I just noticed Postgres (checked on version 13 and 14) behavior that surprised me. I have a simple table volume with id and unique text column name. Second table dir has 3 columns: id, volume_id and path. This table is partitioned by hash on volume_id column. Here is full table schema with sample data:
CREATE TABLE dir (
id BIGSERIAL,
volume_id BIGINT,
path TEXT
) PARTITION BY HASH (volume_id);
CREATE TABLE dir_0
PARTITION OF dir FOR VALUES WITH (modulus 3, remainder 0);
CREATE TABLE dir_1
PARTITION OF dir FOR VALUES WITH (modulus 3, remainder 1);
CREATE TABLE dir_2
PARTITION OF dir FOR VALUES WITH (modulus 3, remainder 2);
CREATE TABLE volume(
id BIGINT,
name TEXT UNIQUE
);
INSERT INTO volume (id, name) VALUES (1, 'vol1'), (2, 'vol2'), (3, 'vol3');
INSERT INTO dir (volume_id, path) SELECT i % 3 + 1, 'path_' || i FROM generate_series(1,1000) AS i;
Now, given the volume name, I need to find all the rows from the dir table on that volume. I can do that in 2 different ways.
Query #1
EXPLAIN ANALYZE
SELECT * FROM dir AS d
INNER JOIN volume AS v ON d.volume_id = v.id
WHERE v.name = 'vol1';
Which produces query plan:
| QUERY PLAN |
|---|
| Hash Join (cost=1.05..31.38 rows=333 width=37) (actual time=0.186..0.302 rows=333 loops=1) |
| Hash Cond: (d.volume_id = v.id) |
| -> Append (cost=0.00..24.00 rows=1000 width=24) (actual time=0.006..0.154 rows=1000 loops=1) |
| -> Seq Scan on dir_0 d_1 (cost=0.00..6.34 rows=334 width=24) (actual time=0.006..0.032 rows=334 loops=1) |
| -> Seq Scan on dir_1 d_2 (cost=0.00..6.33 rows=333 width=24) (actual time=0.006..0.029 rows=333 loops=1) |
| -> Seq Scan on dir_2 d_3 (cost=0.00..6.33 rows=333 width=24) (actual time=0.004..0.026 rows=333 loops=1) |
| -> Hash (cost=1.04..1.04 rows=1 width=13) (actual time=0.007..0.007 rows=1 loops=1) |
| Buckets: 1024 Batches: 1 Memory Usage: 9kB |
| -> Seq Scan on volume v (cost=0.00..1.04 rows=1 width=13) (actual time=0.003..0.004 rows=1 loops=1) |
| Filter: (name = 'vol1'::text) |
| Rows Removed by Filter: 2 |
| Planning Time: 0.500 ms |
| Execution Time: 0.364 ms |
As you can see this query leads to a sequential scan on all 3 partitions of the dir table.

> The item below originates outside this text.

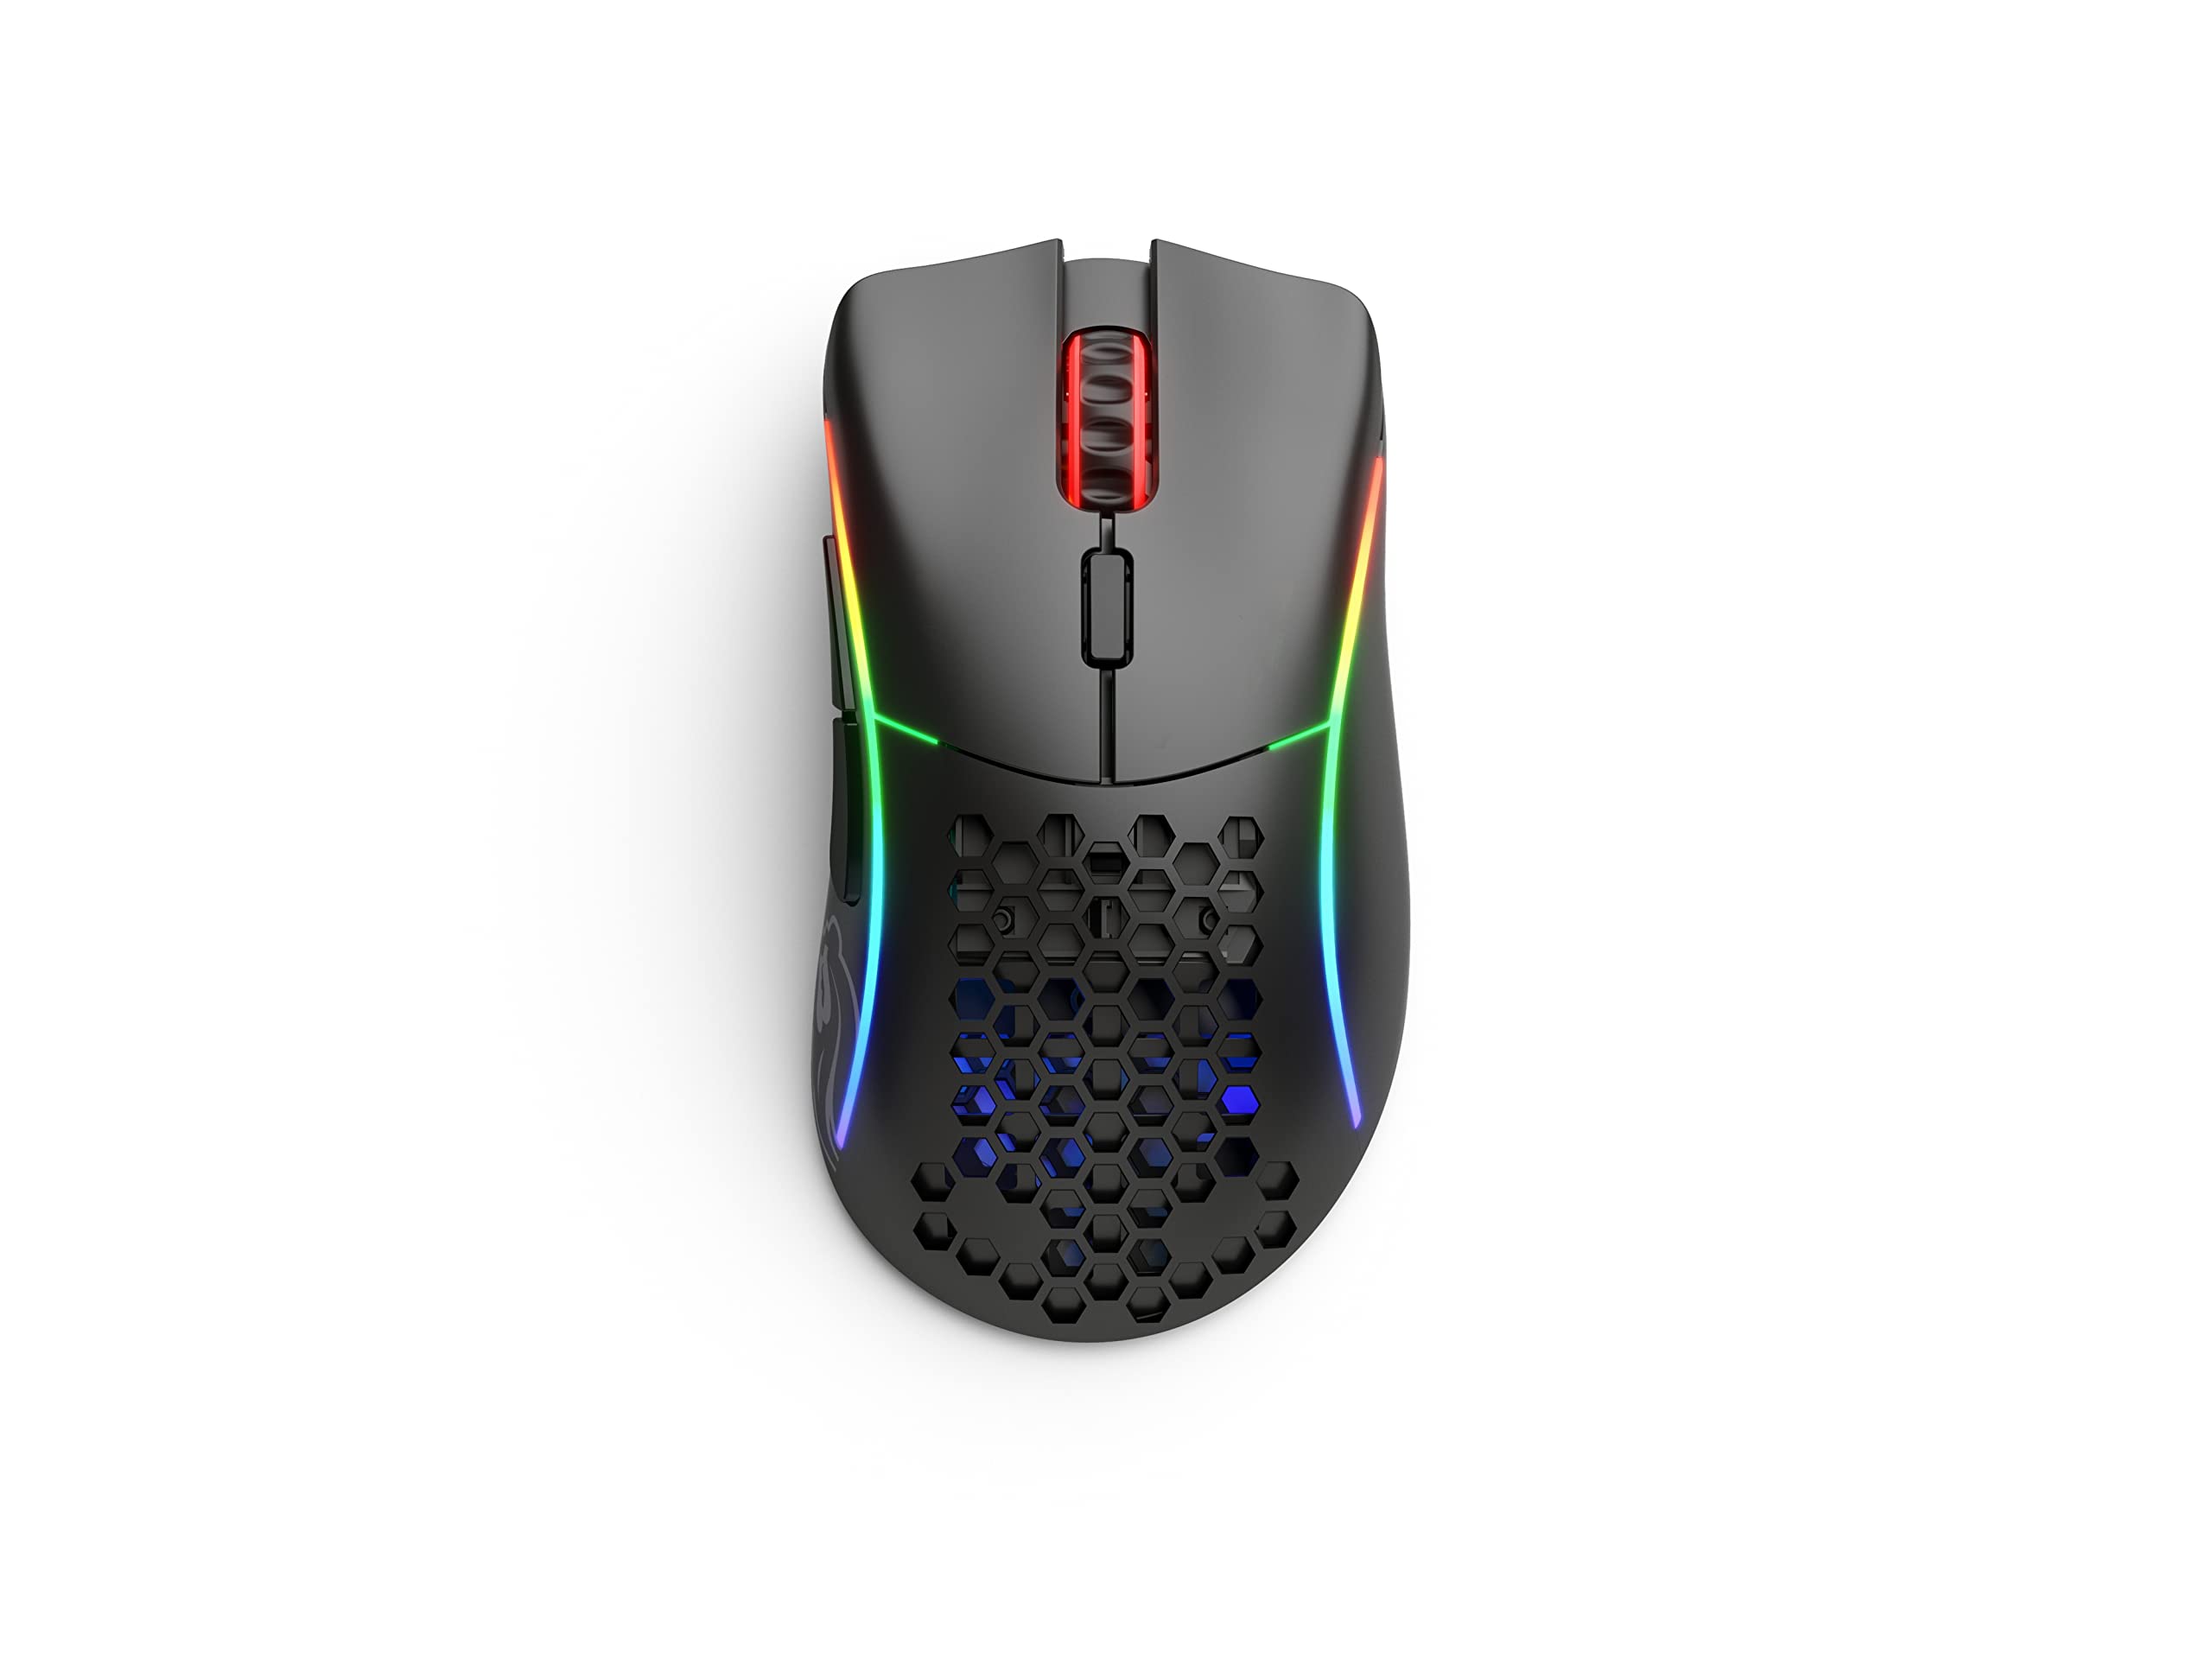 Glorious Model D Wireless Gaming Mouse - 69g Superlight, Lag Free 2.4Ghz Wireless, Up to 71 Hour Battery, RGB, BAMF Sensor, Ergonomic, 6 Buttons - Matte Black

Alternatively, we can write this query like this:
Query #2
EXPLAIN ANALYZE
SELECT * FROM dir AS d
WHERE volume_id = (SELECT id FROM volume AS v WHERE v.name = 'vol1');
In that case we get following query plan:
| QUERY PLAN |
|---|
| Append (cost=1.04..27.54 rows=1000 width=24) (actual time=0.010..0.066 rows=333 loops=1) |
| InitPlan 1 (returns $0) |
| -> Seq Scan on volume v (cost=0.00..1.04 rows=1 width=8) (actual time=0.003..0.004 rows=1 loops=1) |
| Filter: (name = 'vol1'::text) |
| Rows Removed by Filter: 2 |
| -> Seq Scan on dir_0 d_1 (cost=0.00..7.17 rows=334 width=24) (never executed) |
| Filter: (volume_id = $0) |
| -> Seq Scan on dir_1 d_2 (cost=0.00..7.16 rows=333 width=24) (never executed) |
| Filter: (volume_id = $0) |
| -> Seq Scan on dir_2 d_3 (cost=0.00..7.16 rows=333 width=24) (actual time=0.004..0.037 rows=333 loops=1) |
| Filter: (volume_id = $0) |
| Planning Time: 0.063 ms |
| Execution Time: 0.093 ms |
Here we can see that partitions dir_0 and dir_1 have never executed annotation.
My question is:
Why in the first case is there no partition pruning? Postgres already knows that the volume.name column is unique and that it will translate into a single volume_id. I would like to get a good intuition on when partition pruning can happen during query execution.